If these day walks whet your appetite for life on the trail, you’ll be pleased to discover that southern Africa offers a wealth of other hiking opportunities. For a wild experience, both the Kruger National Park and KwaZulu-Natal’s Hluhluwe-iMfolozi Park offer thrilling wilderness trails where you’ll spend your days tracking the Big Five and your nights sleeping out beneath the stars or in remote camps.
Across the border in Namibia, the FishRiver Canyon challenges hikers to an 85km odyssey from the trailhead to Ai-Ais campsite, where cold beers and hot springs await weary walkers.
Prefer a little luxe?
Opt for a little pampering on the trail with one of the luxurious, lodge-based slack-packing walks South Africa has to offer. In the Tsitsikamma Forest, the breathtaking Dolphin Trail offers a coastal route broken up by overnight escapes in upscale lodges.
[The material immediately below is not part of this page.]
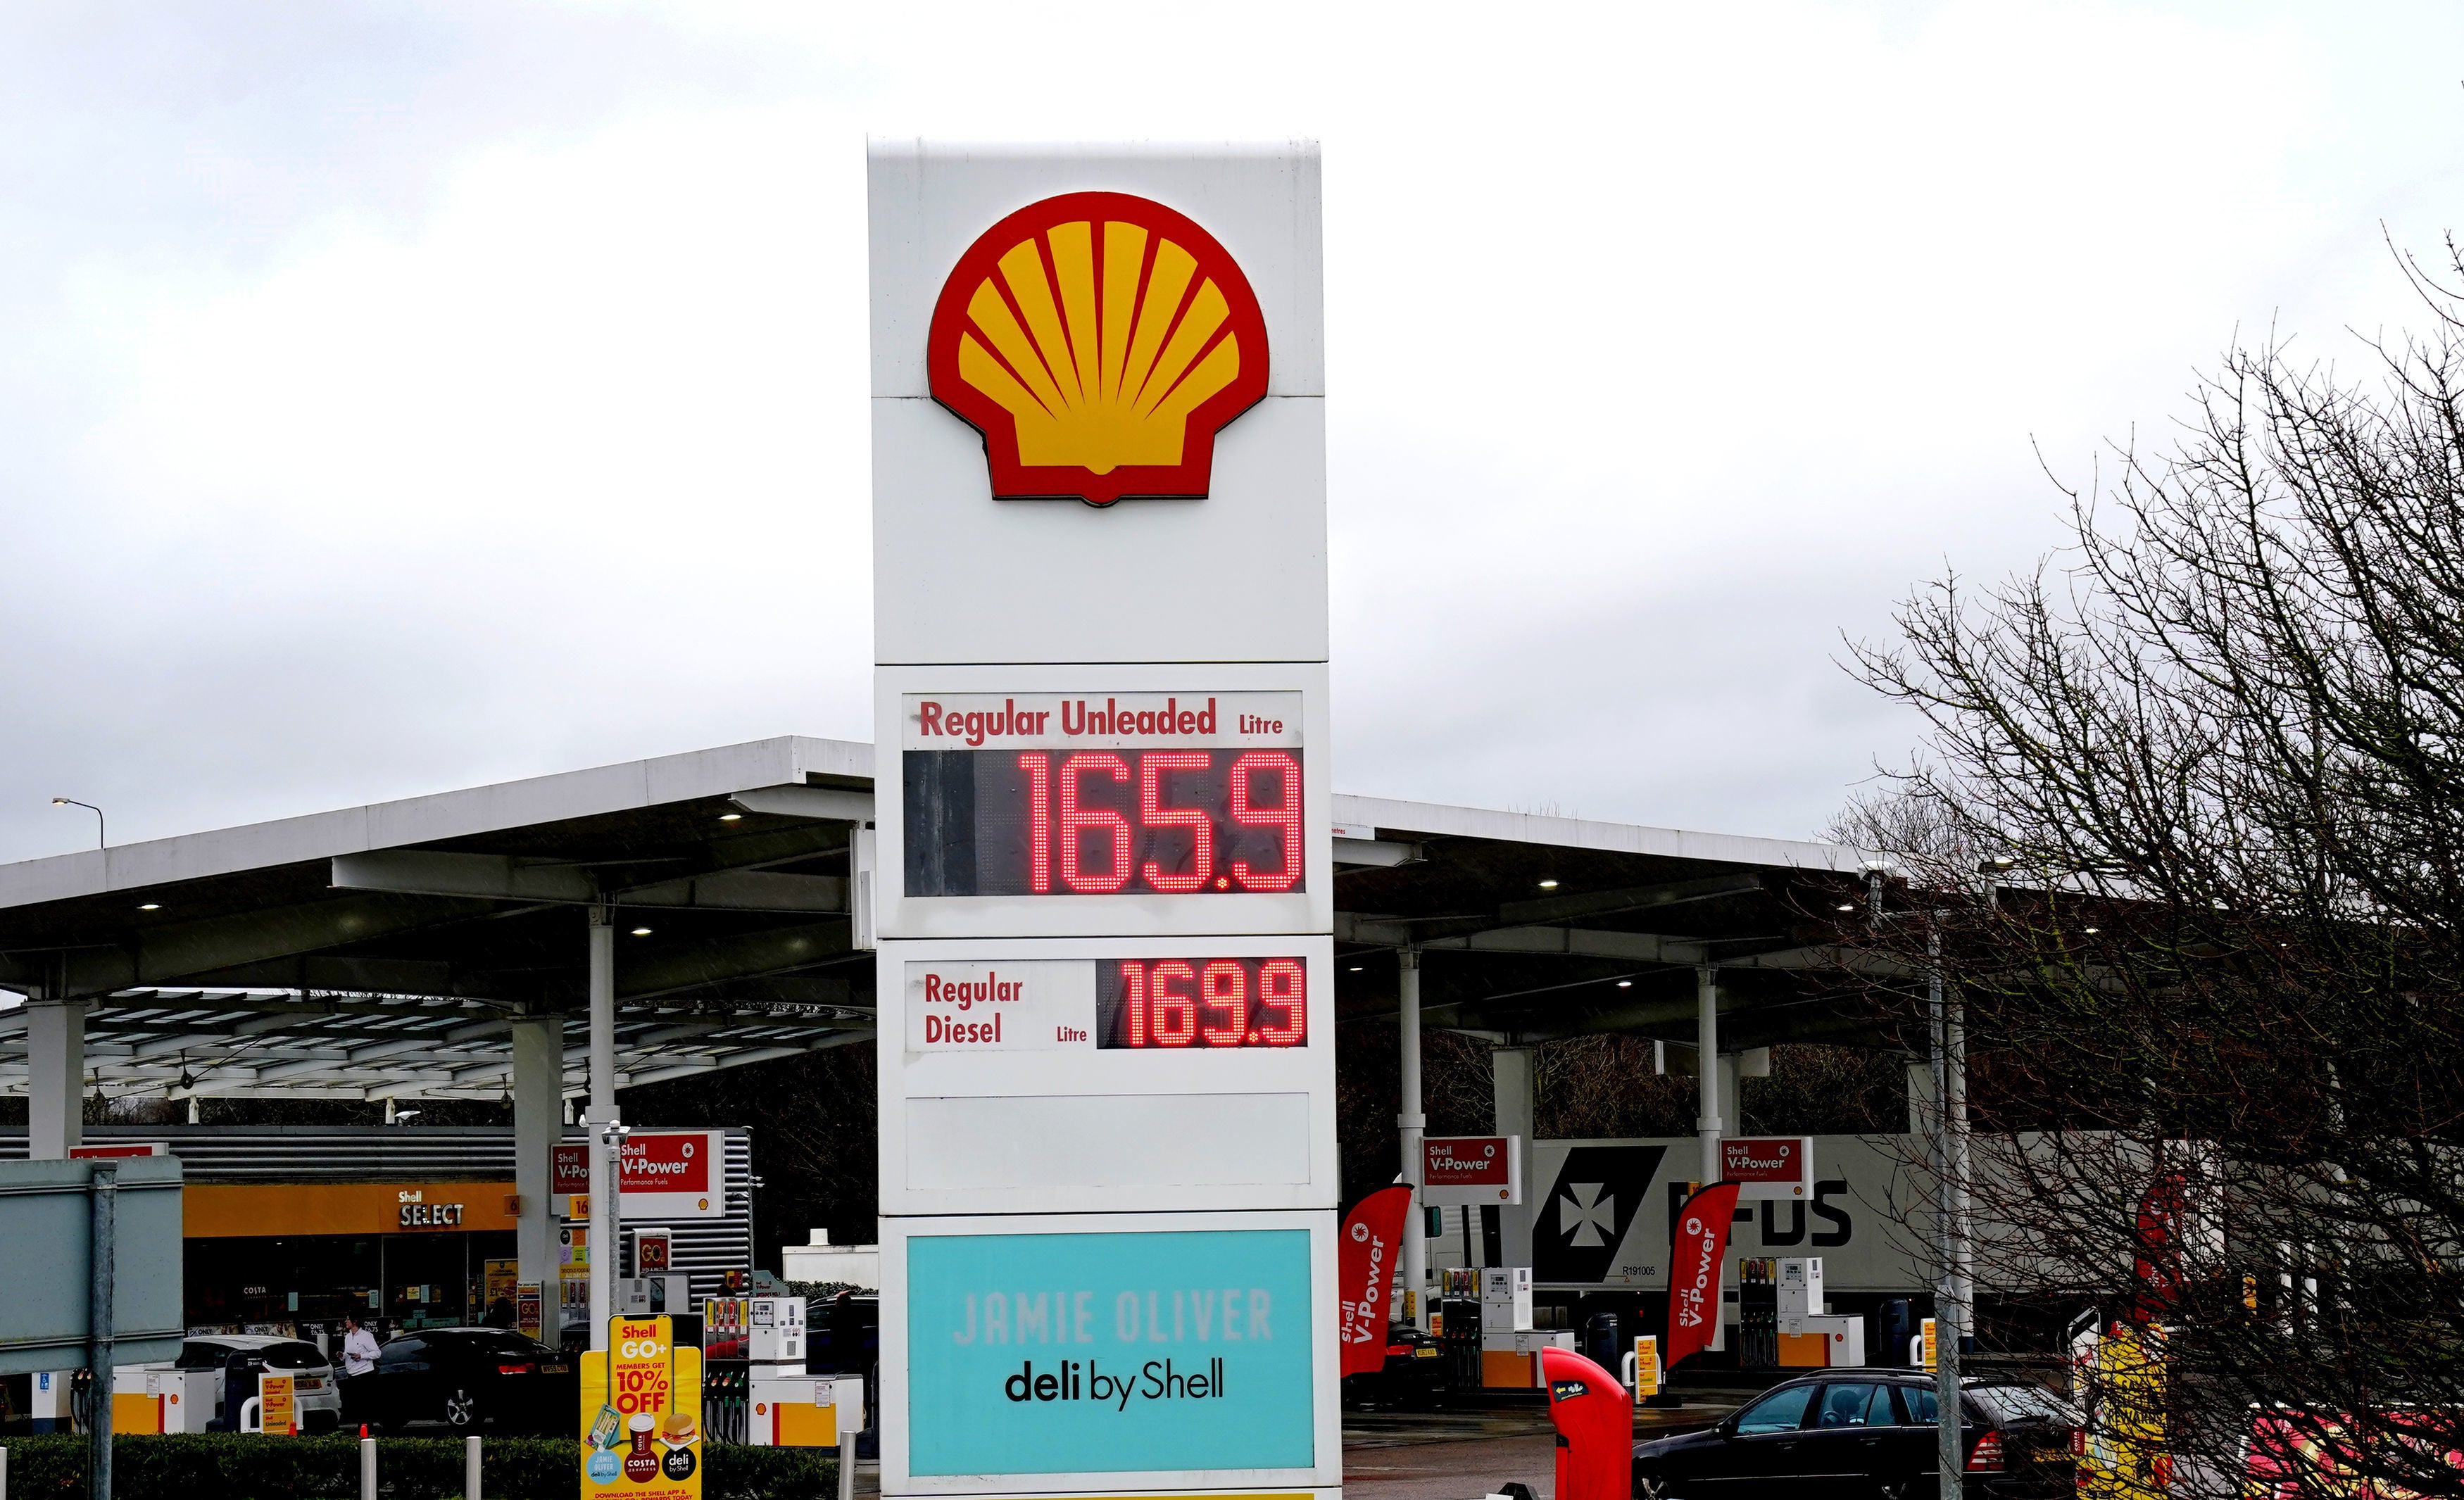 A spokesperson for Shell said the business aims to halve emissions from its global operations by 2030, and to provide more low-carbon energy for customers.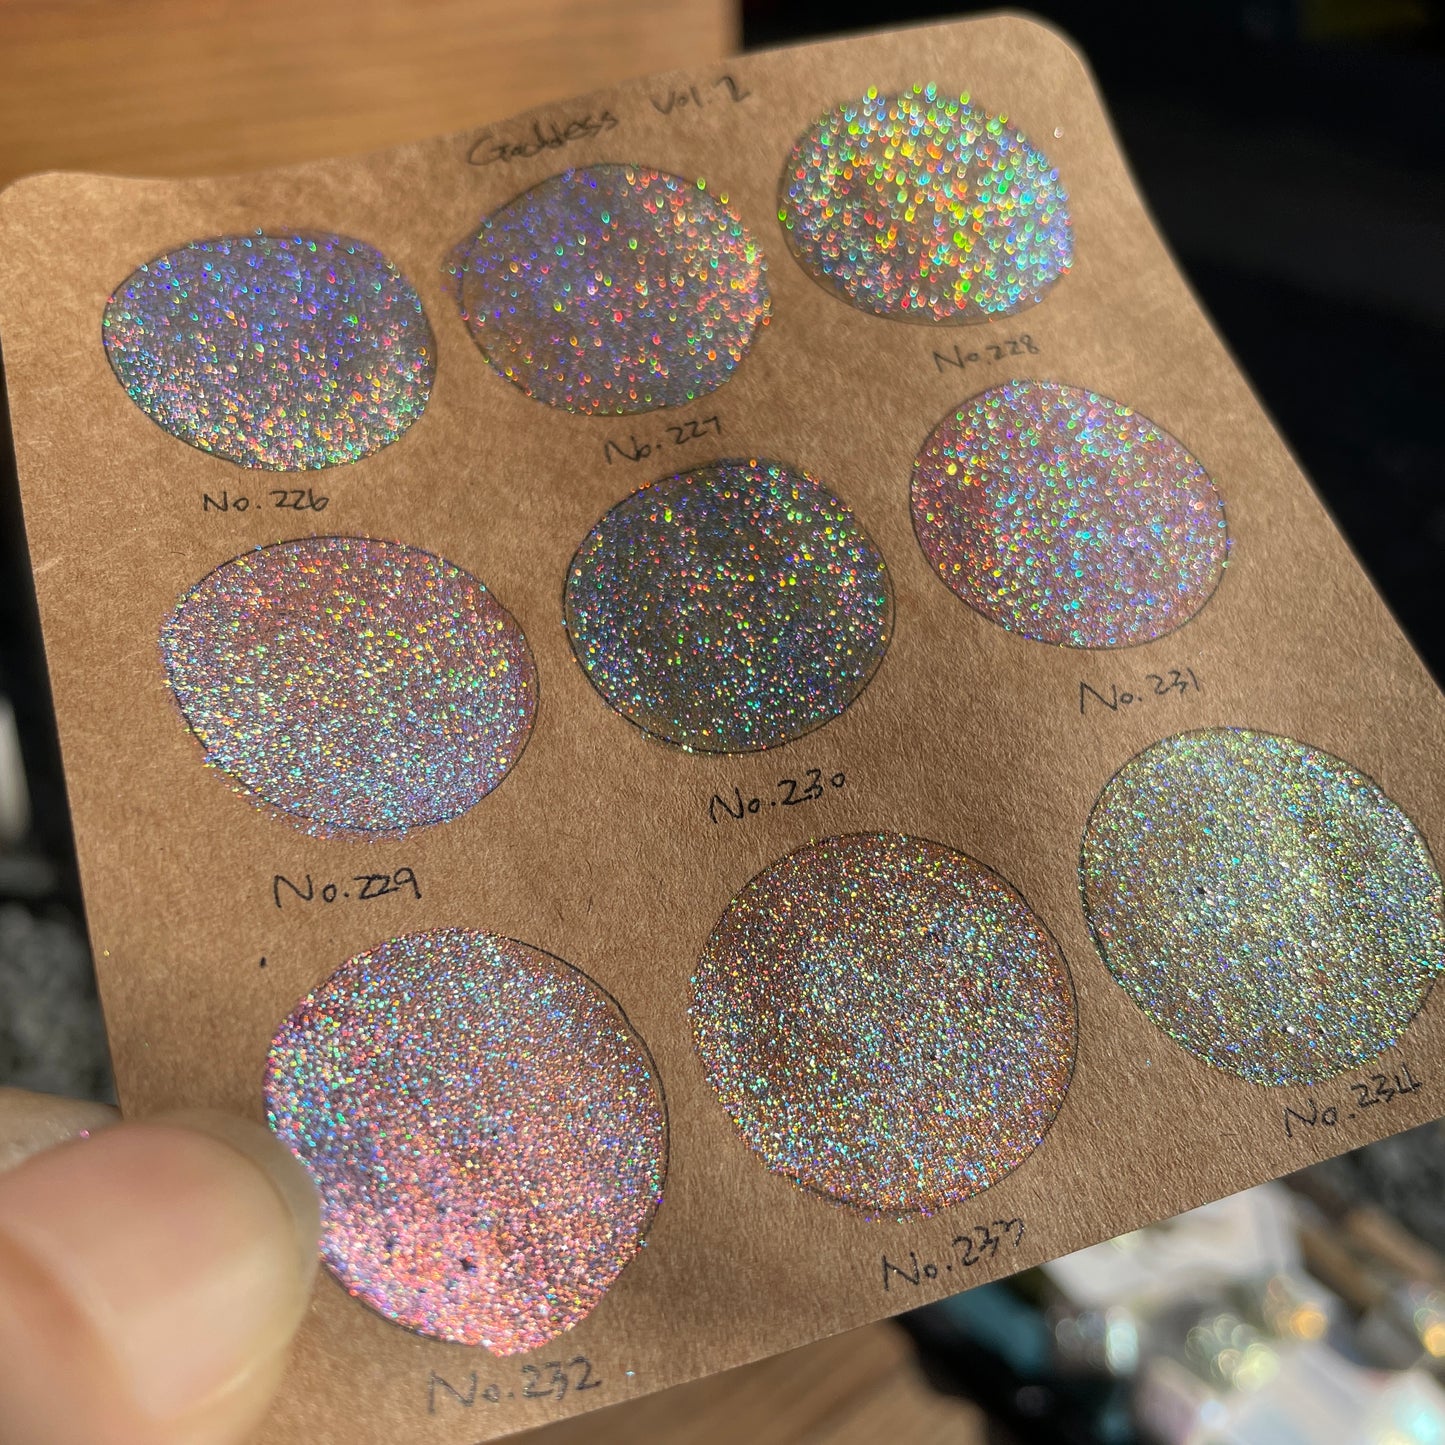 Limited Vol.2 Goddess Quarter Set Handmade Super Shift Aurora Shimmer Holographic Watercolor Paints by iuilewatercolors

You can expect the same on the Green Mountain Trail in the Elgin valley. Established in 2007, this trail traverses conservation-minded private farms on four days of meandering across wild mountains, fynbos hills and fruit orchards. You’ll spend each night in the comfort of a country lodge before a hearty farm breakfast sends you on your way.
And that, after all, is what passionate hikers are always looking for: the trail that leads away from the front door. Whether into the hills or along beaches, this spring make sure your boots take you somewhere beautiful.